Work instructions | Please leave out pictures and print exactly the lines from the one that has "Библиотека Конгресса США" through the last line of the material below.

Recorded data |
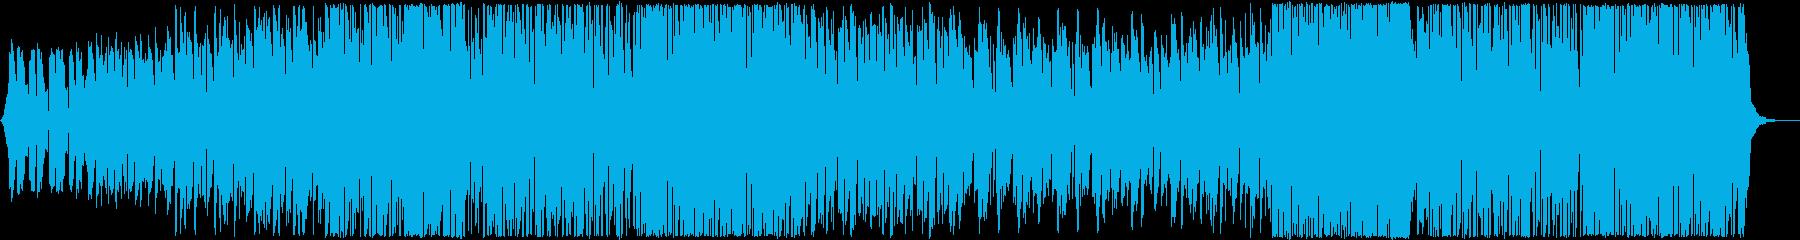 リラックスして聴けるチルアウト系ハウスの再生済みの波形
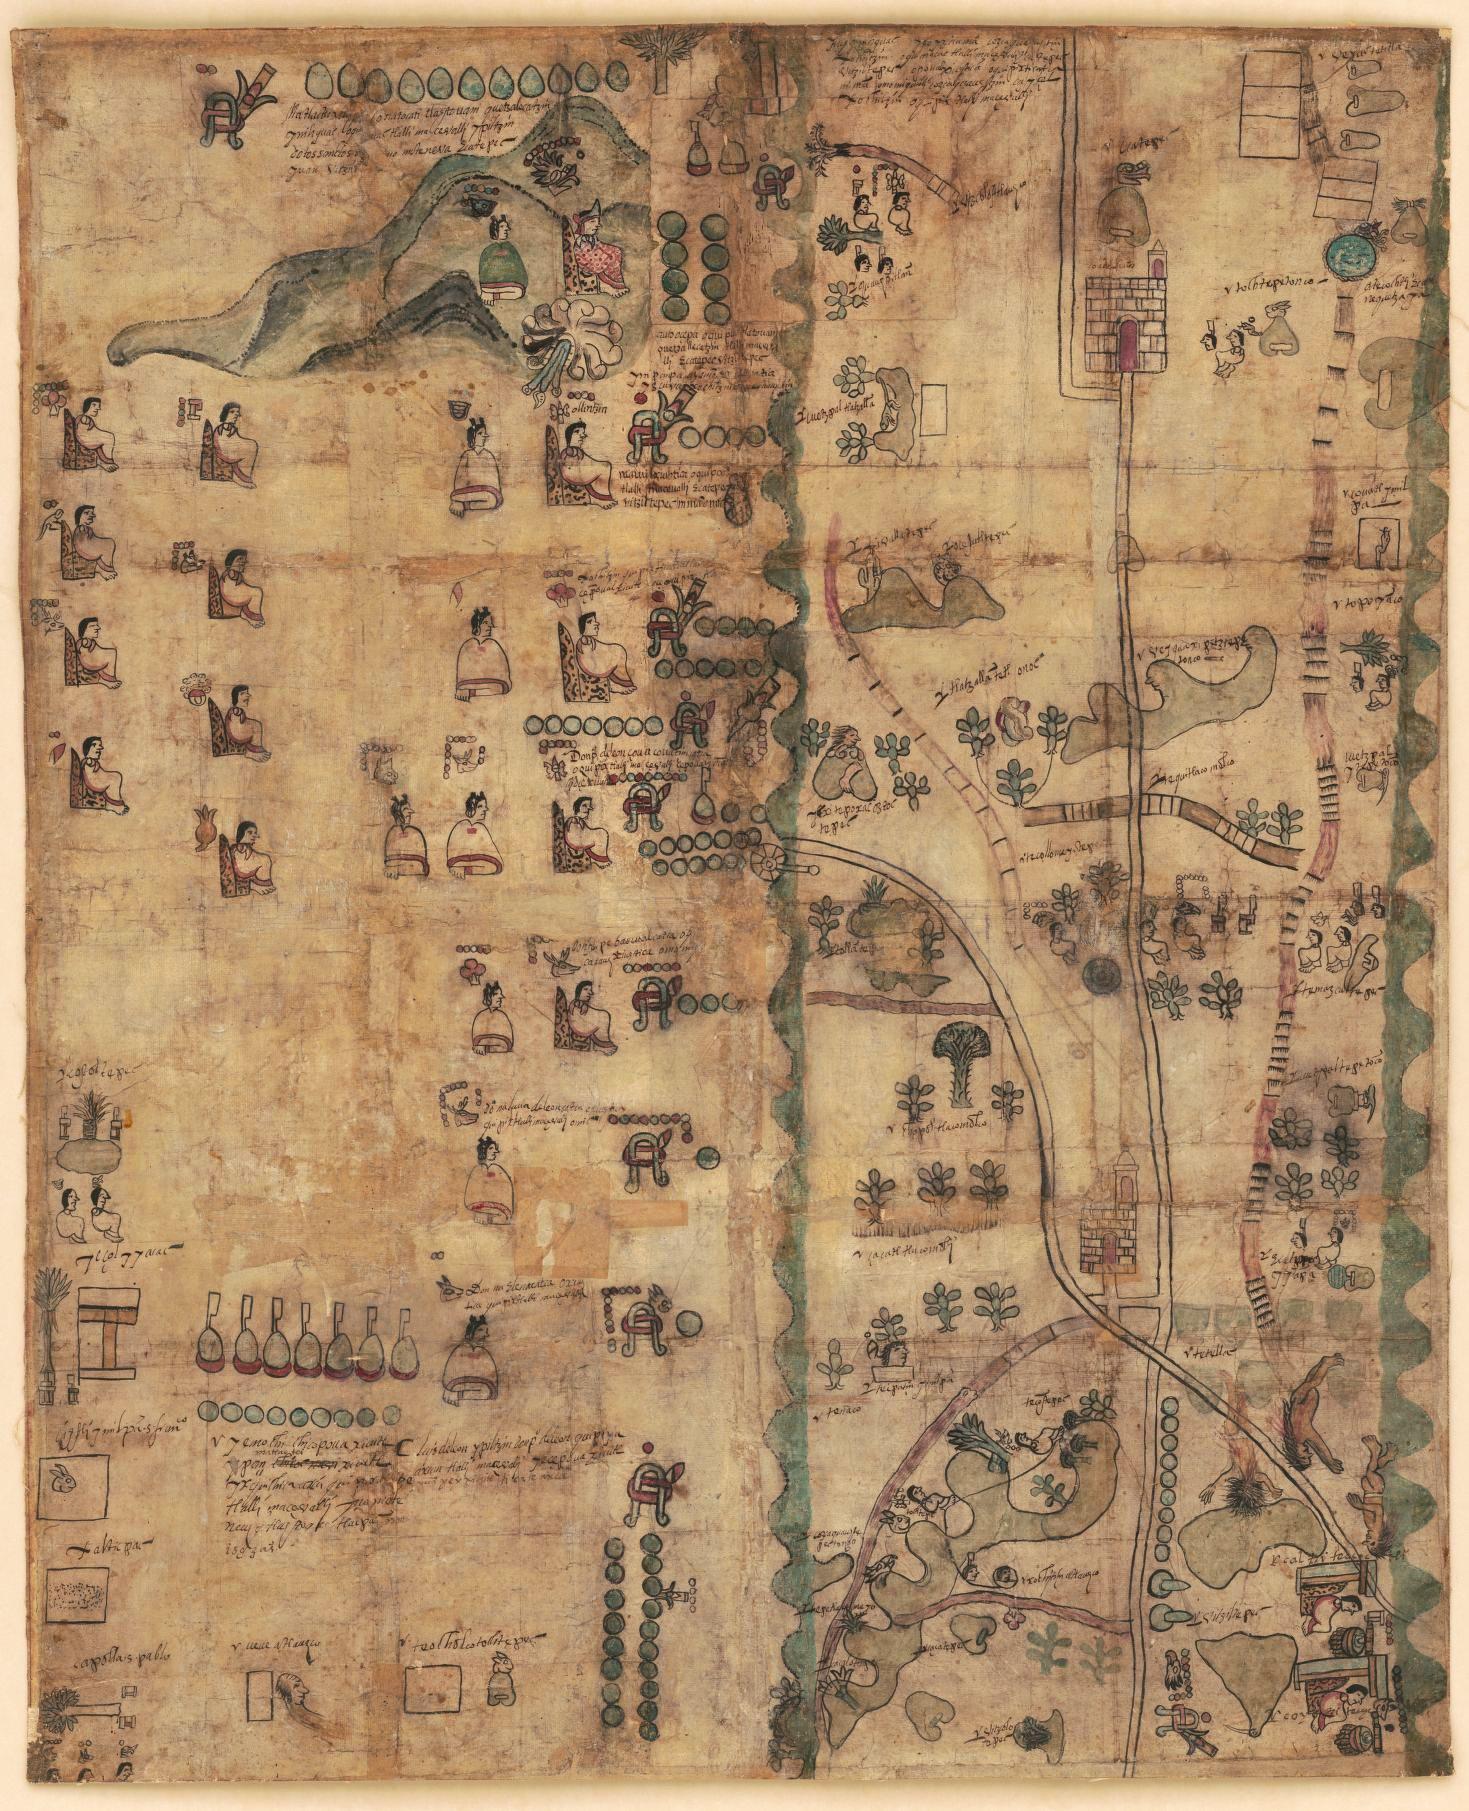 Библиотека Конгресса США приобрела и оцифровала мексиканский кодекс 1593  года
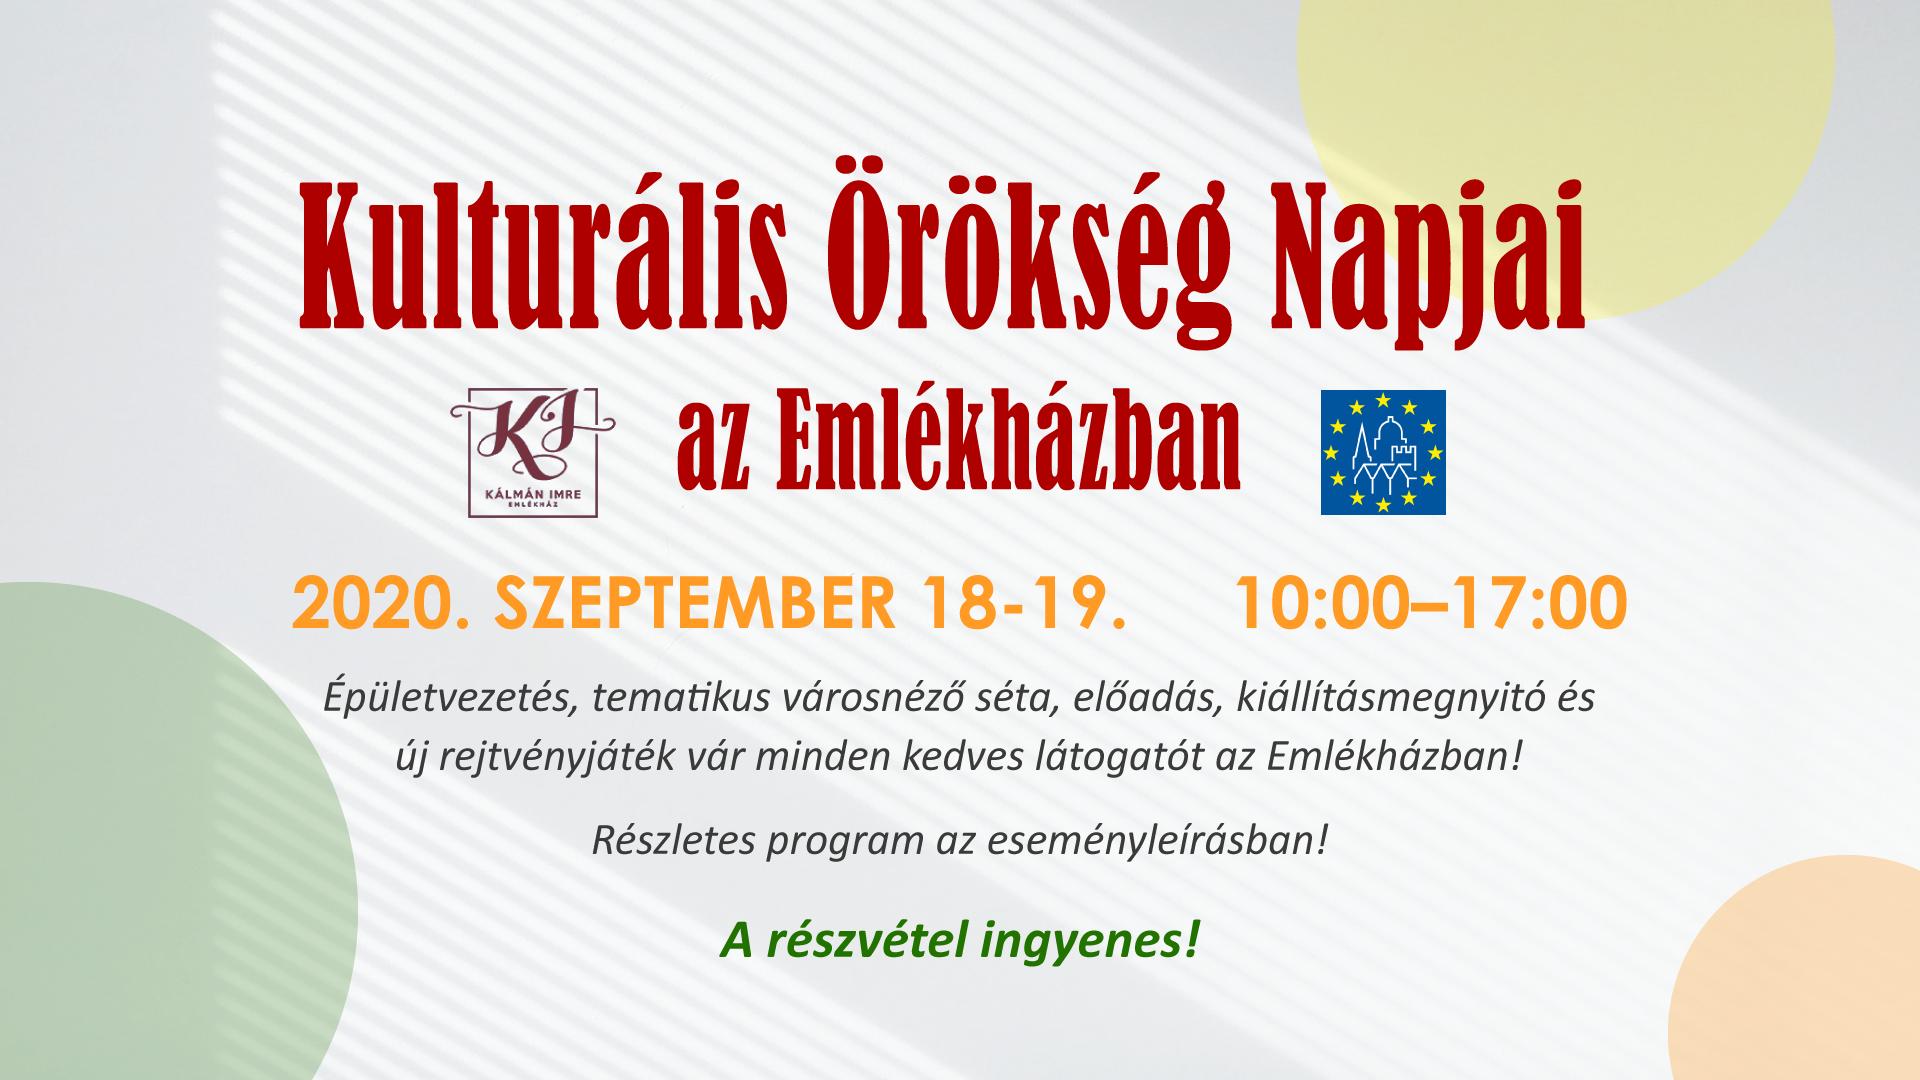 2020. szeptember 18-19. – Kulturális Örökség Napjai az Emlékházban
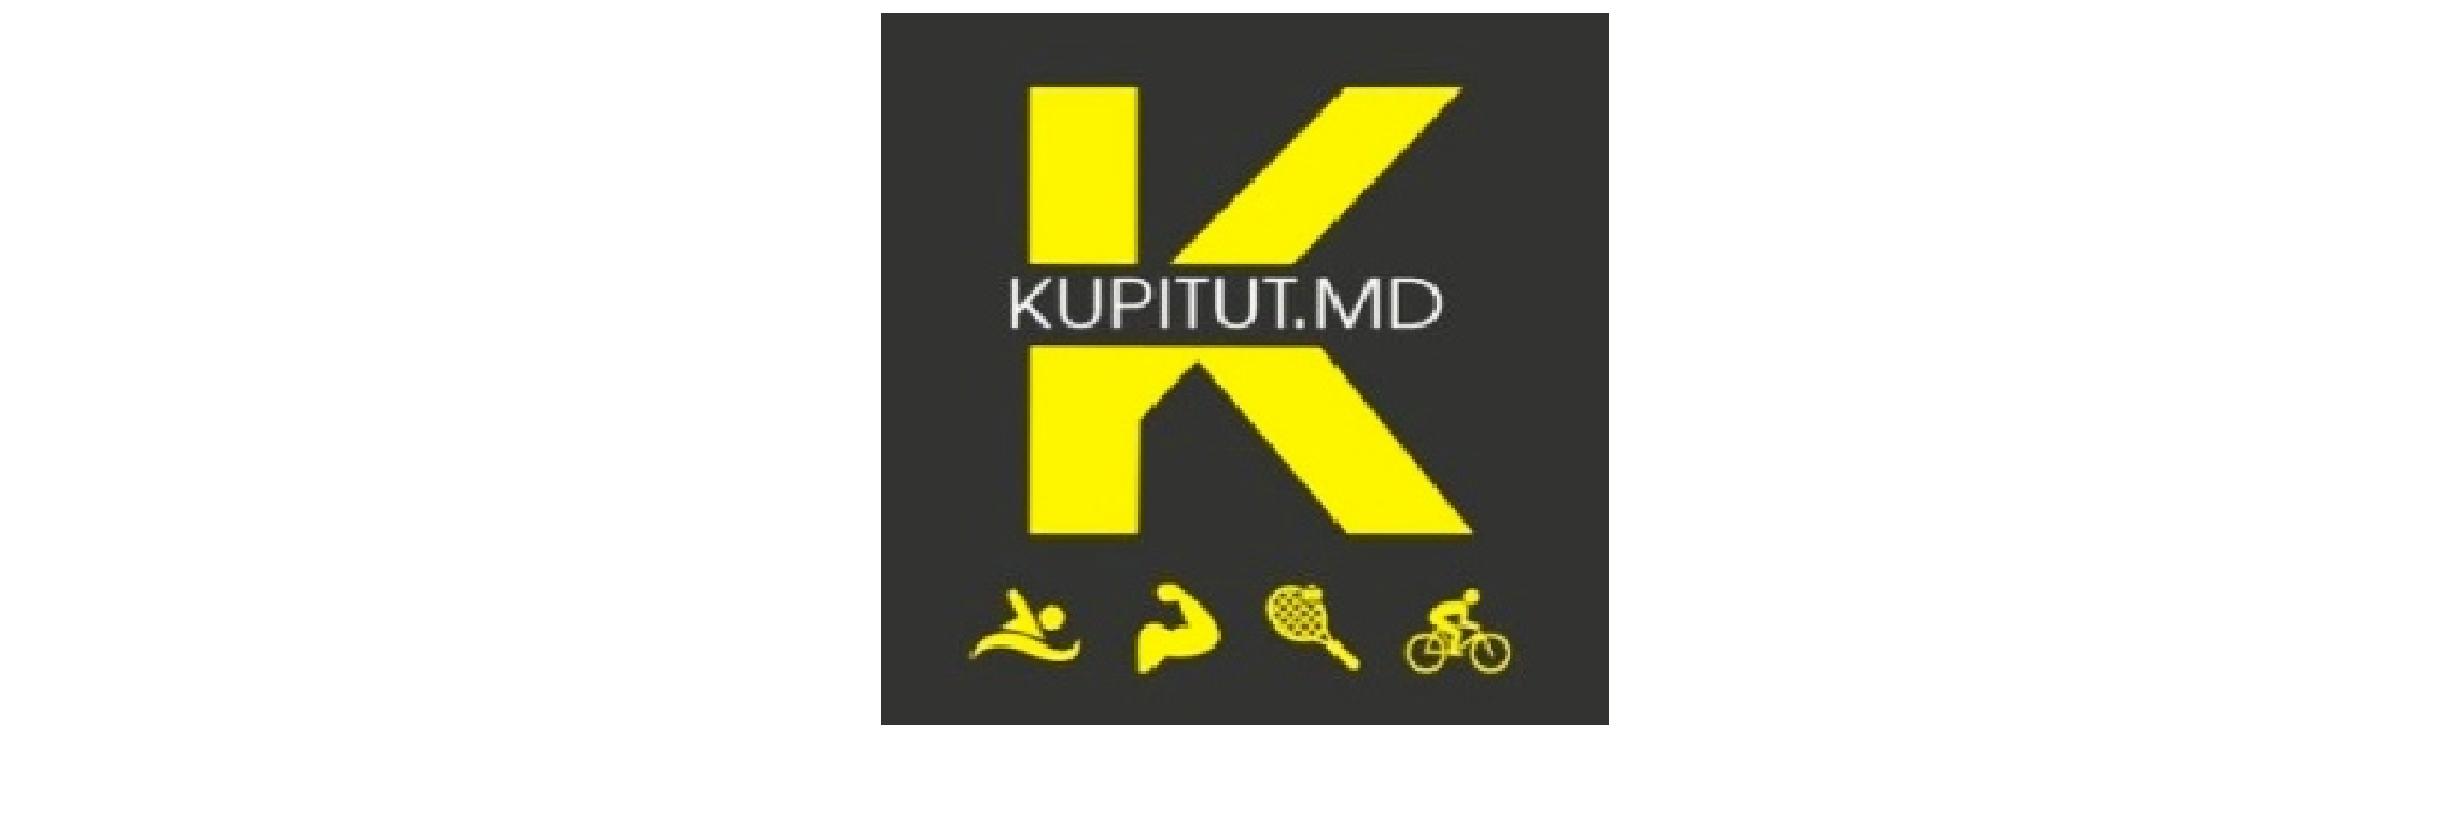 KUPITUT.MD

Solution to this exercise |
 Библиотека Конгресса США приобрела и оцифровала мексиканский кодекс 1593  года
 2020. szeptember 18-19. – Kulturális Örökség Napjai az Emlékházban
 KUPITUT.MD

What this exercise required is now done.